My ultimate goal is to insert the ngram data set into internal load tables of my Greenplum database.
I have a server running gpfdist.
I've created the external tables (on Greenplum):
CREATE EXTERNAL TABLE ng_schema.fre2(
id bigserial,
ngram text,
year int4,
match_count int4,
page_count int4,
volume_count int4)
LOCATION ('gpfdist://10.1.8.4:8081/ngram_2009h1/fre-all/2/*.csv')
FORMAT 'TEXT' (HEADER)
LOG ERRORS INTO ng_schema.load_e_fre2 SEGMENT REJECT LIMIT 500 rows;
The datasets all say "csv", but they don't contain commas. They contain tabs.
#head -n20 *92.csv
! 144 1836 2 2 2
....
Next, I test the external table:
SELECT * FROM fre2;
ERROR: Segment reject limit reached. Aborting operation. Last error was
missing data for column "volume_count"...
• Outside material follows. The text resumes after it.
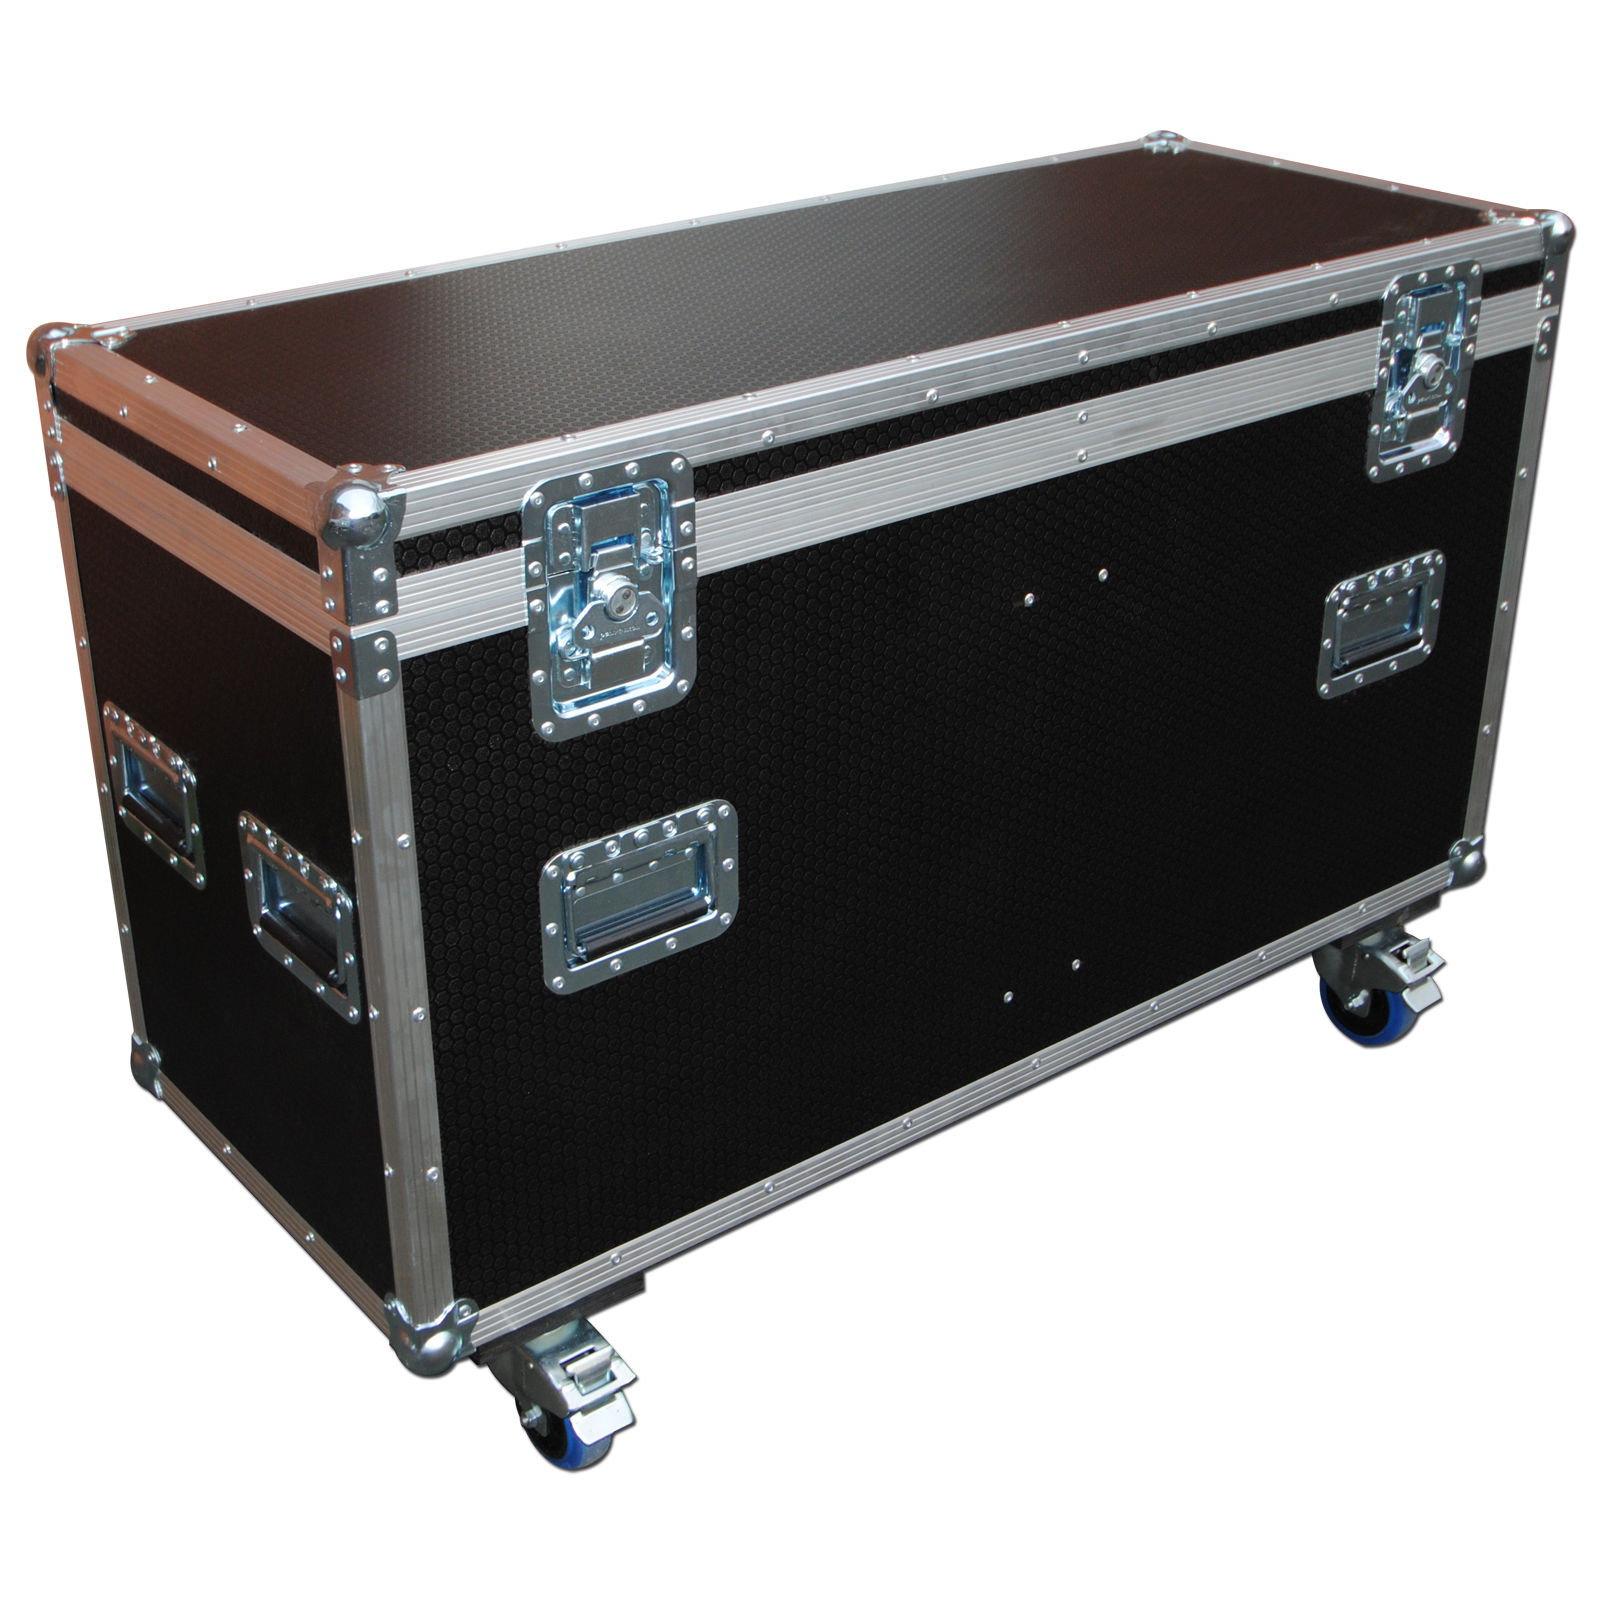 chauvet intimidator spot led 350 twin moving head flight case. Black Bedroom Furniture Sets. Home Design Ideas

I go into my log error table and see this:
2016-07-21 20:51:49.05593+00 | fre2 | gpfdist://10.1.8.4:8081/ngram_2009h1/fre-all/2/*.csv [/mnt2/ngram_2009h1/fre-all/2/googlebooks-fre-all-2gram-20090715-0.csv] | | | missing data for column "volume_count" | ! Giscard 1979 2 2
2 |
I've tried playing around with the FORMAT 'TEXT' (HEADER). I've added DELIMITER ' '. I've changed it to CSV, but I just end up missing data for a different column.
I think that the problem is that "! Giscard" is being counted for 2 columns. The ngram has spaces within it.
Or maybe the error is id bigserial?
Any ideas on what to change?